* INPUT RECORDS:

════════

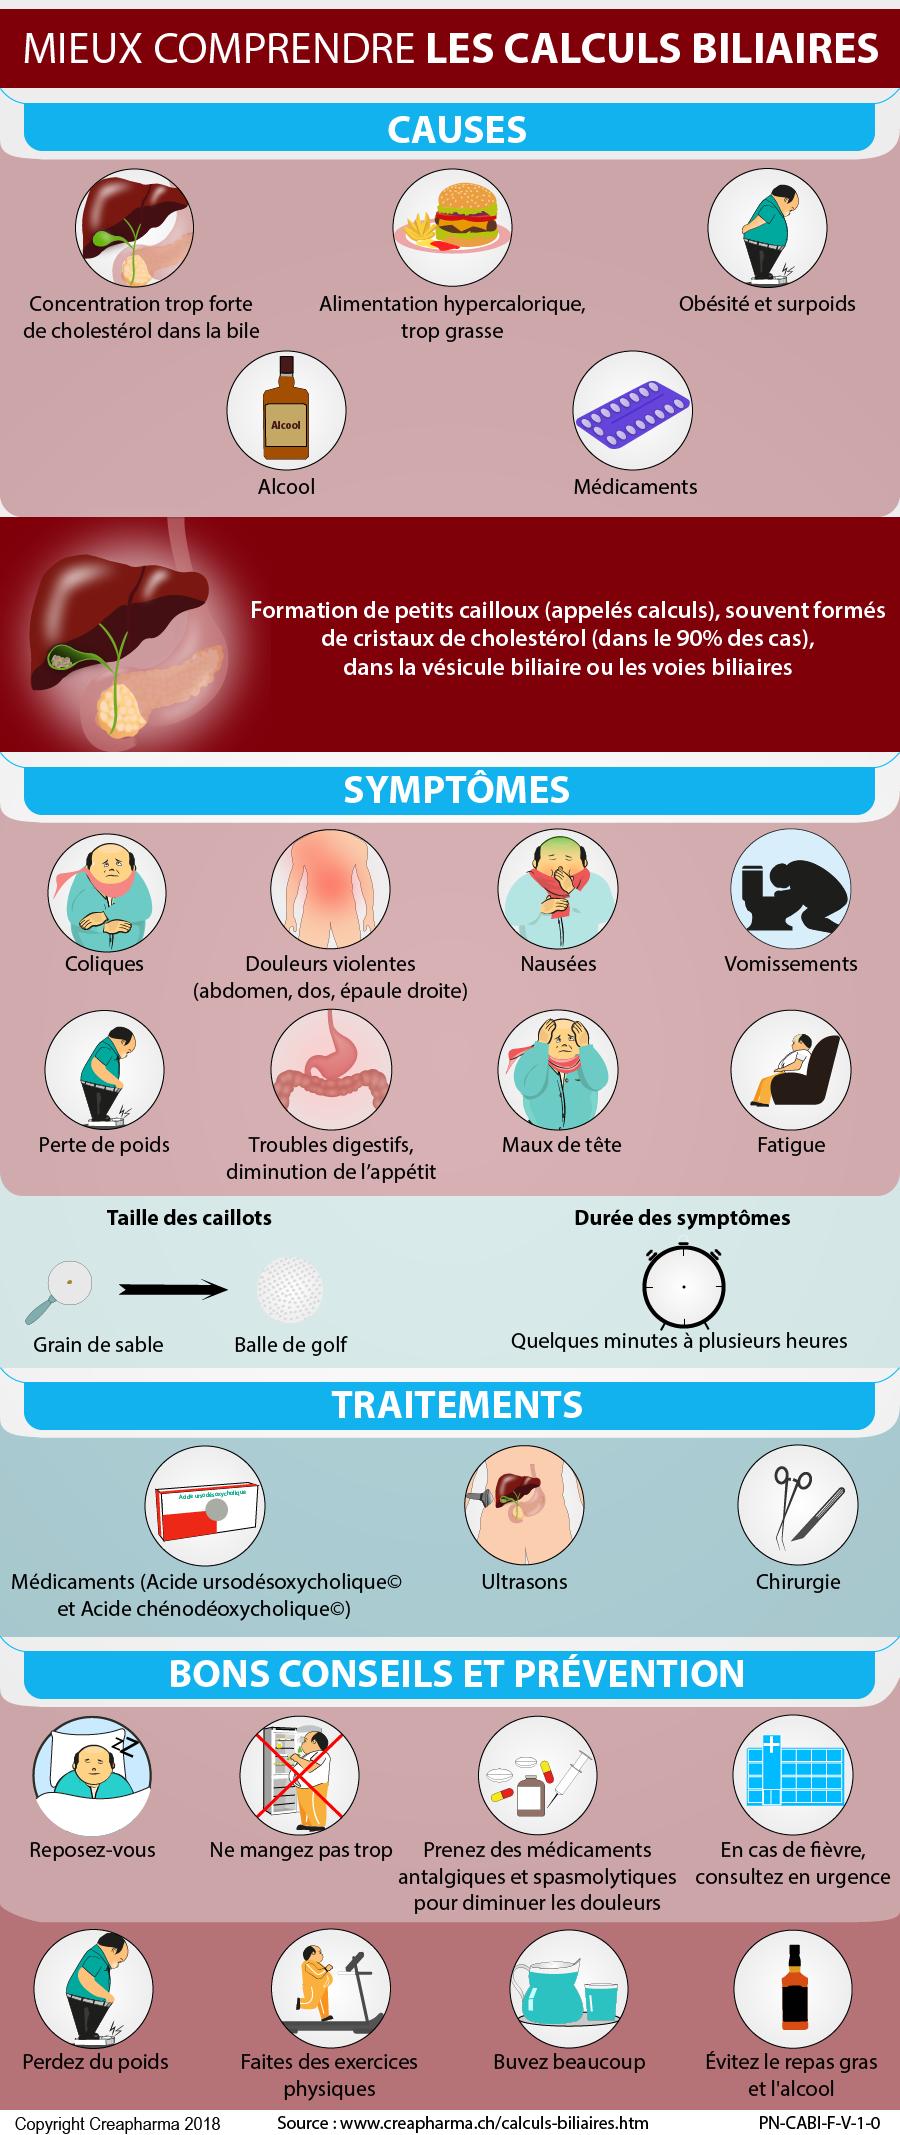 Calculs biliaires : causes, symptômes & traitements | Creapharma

════════

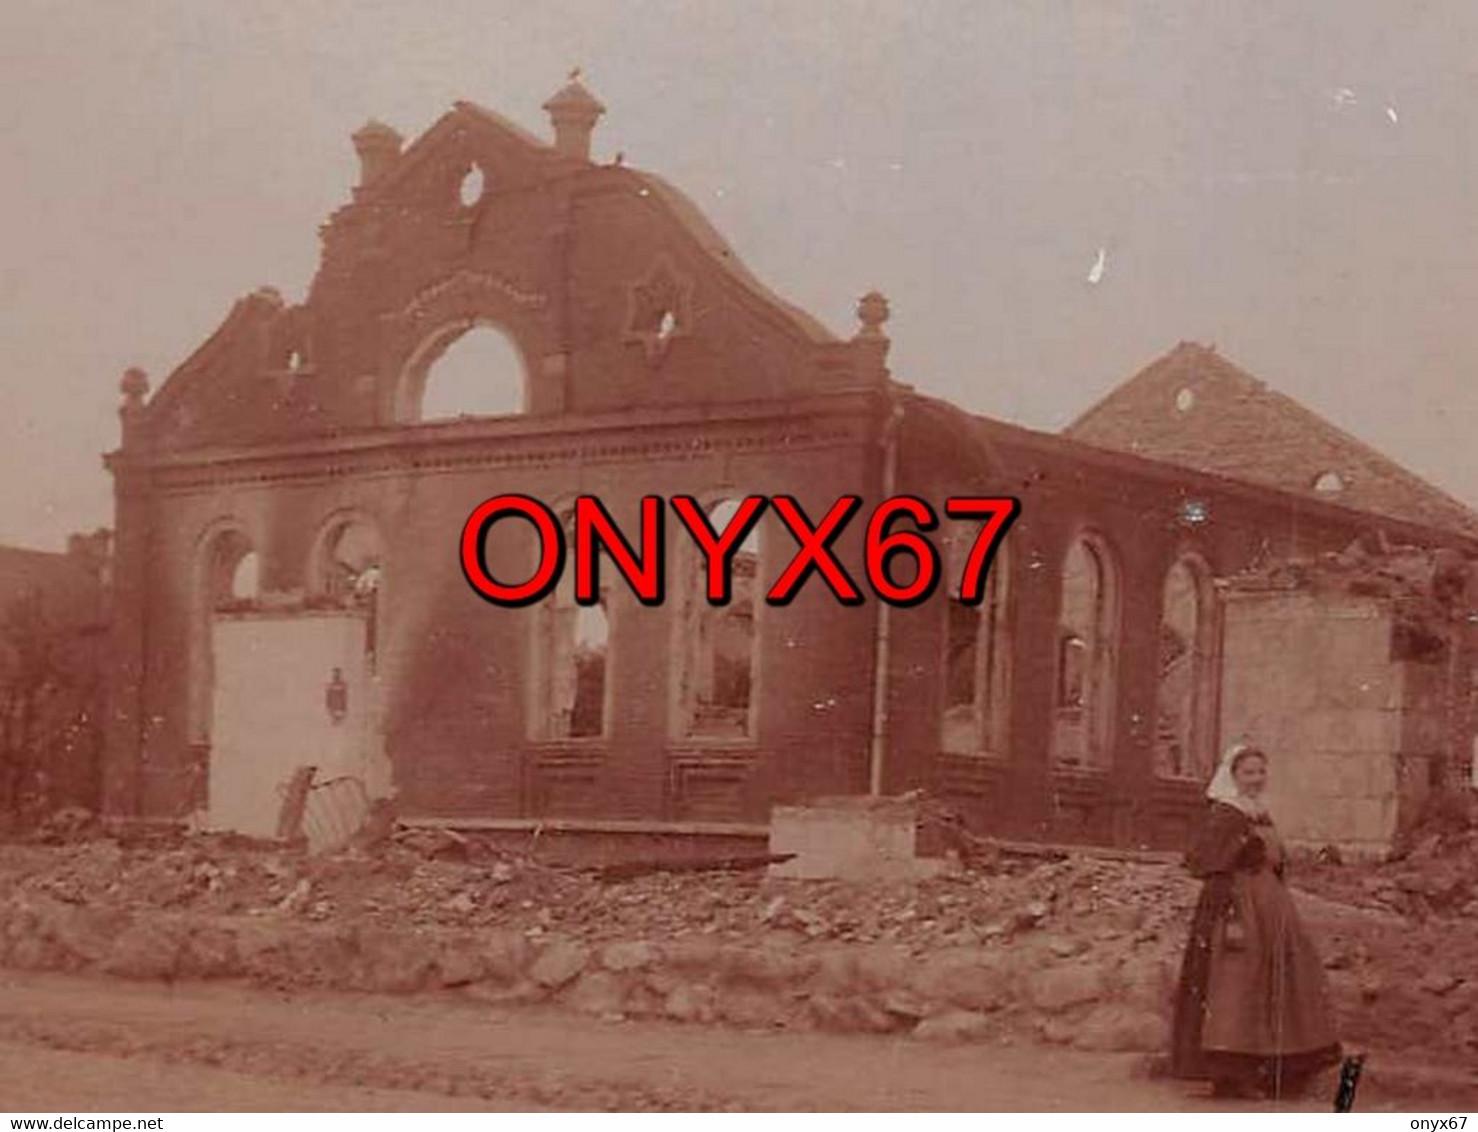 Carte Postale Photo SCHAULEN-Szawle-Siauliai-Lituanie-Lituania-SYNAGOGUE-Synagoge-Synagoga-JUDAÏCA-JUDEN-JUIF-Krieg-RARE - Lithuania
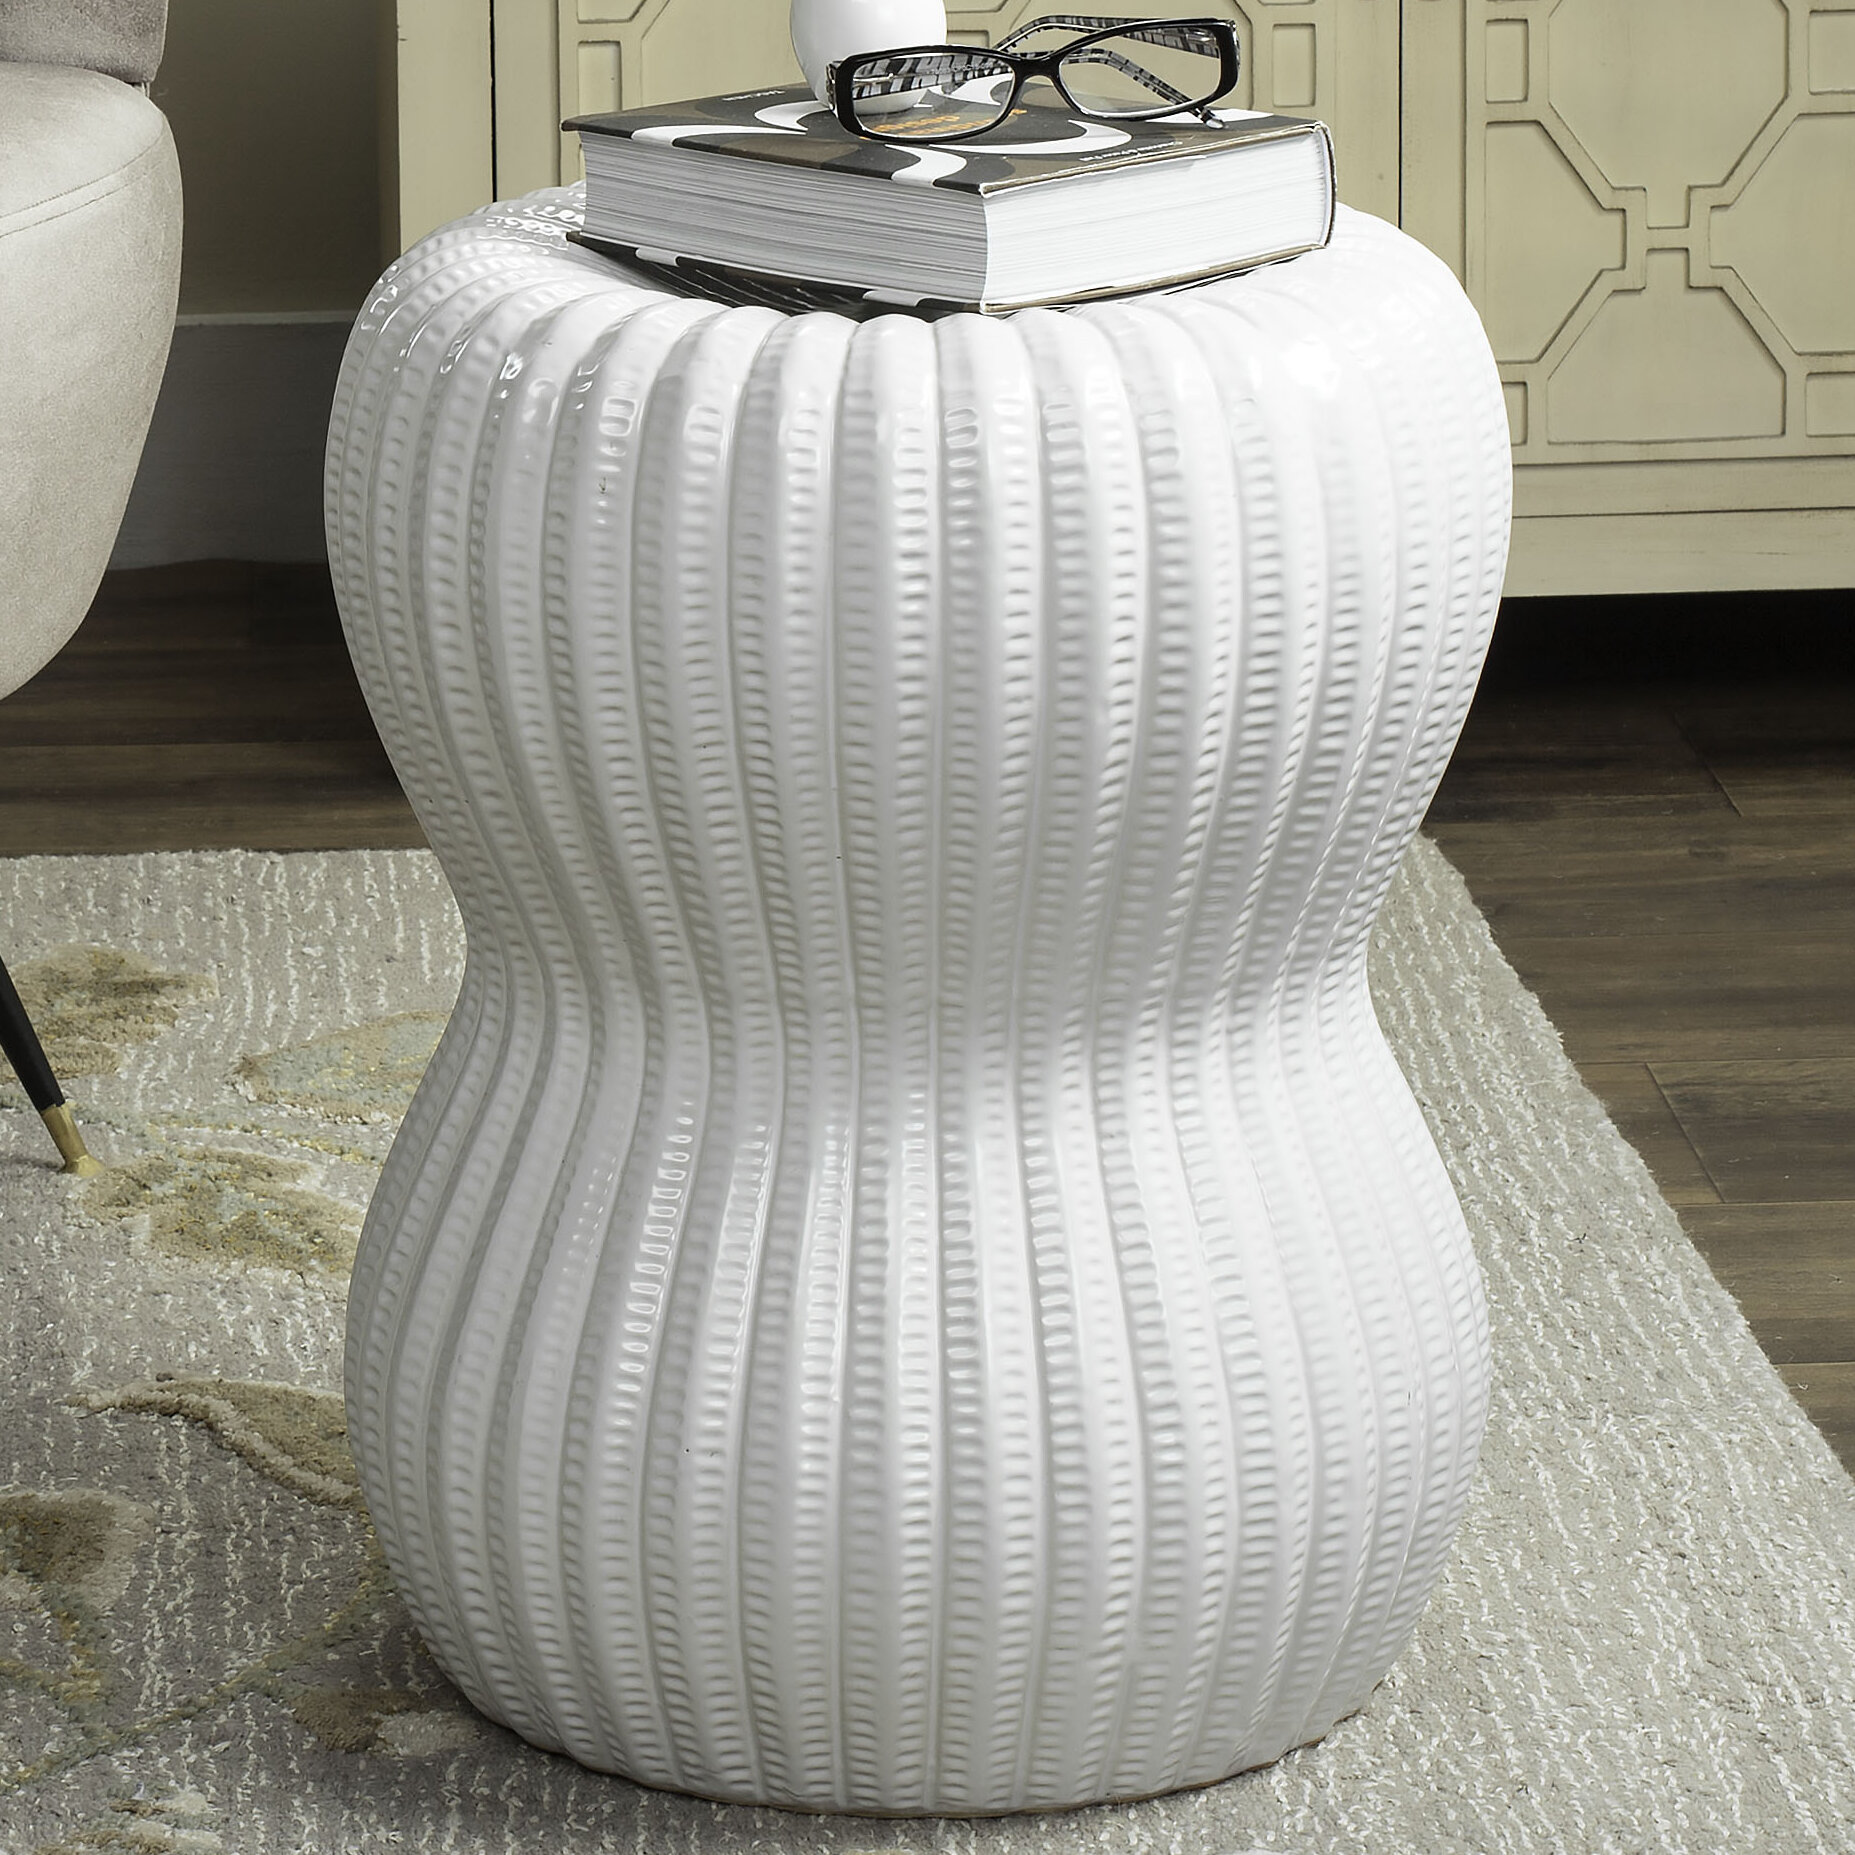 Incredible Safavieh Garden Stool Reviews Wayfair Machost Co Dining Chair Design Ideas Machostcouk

════════

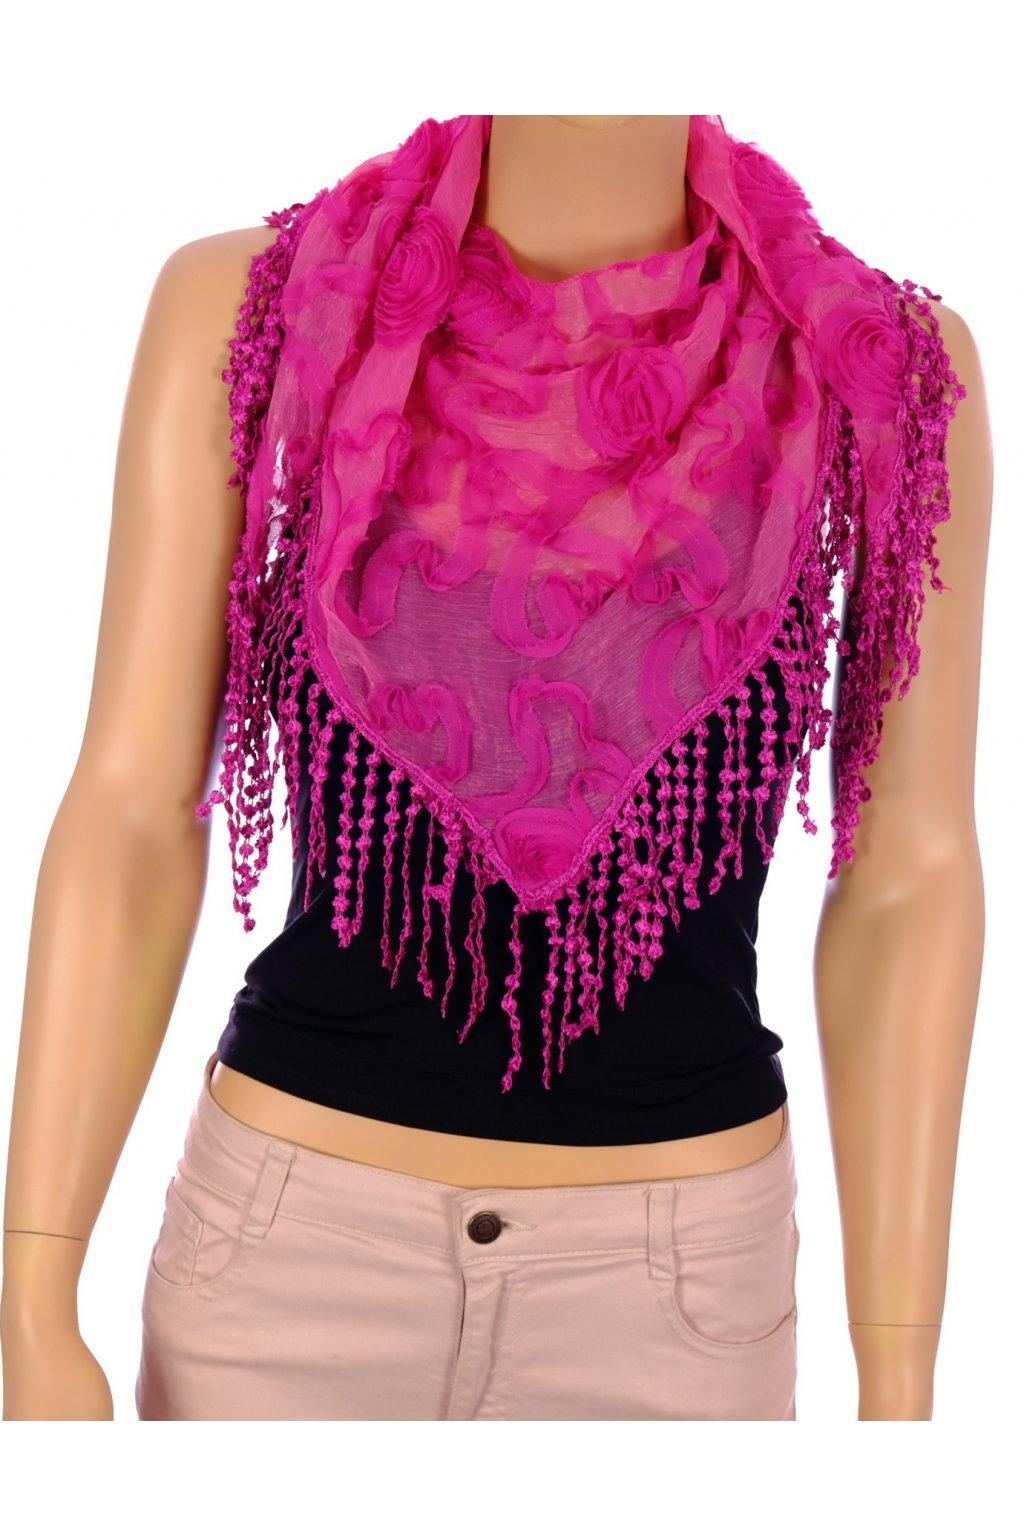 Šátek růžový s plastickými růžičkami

════════

* EXERCISE DETAILS:
Would you give again, exactly, the lines in the data above that run from the line containing "Carte Postale Photo" to the line containing "Incredible Safavieh Garden"? Include both ends and no pictures.

* RESULT FOR THIS TASK:
 Carte Postale Photo SCHAULEN-Szawle-Siauliai-Lituanie-Lituania-SYNAGOGUE-Synagoge-Synagoga-JUDAÏCA-JUDEN-JUIF-Krieg-RARE - Lithuania
 Incredible Safavieh Garden Stool Reviews Wayfair Machost Co Dining Chair Design Ideas Machostcouk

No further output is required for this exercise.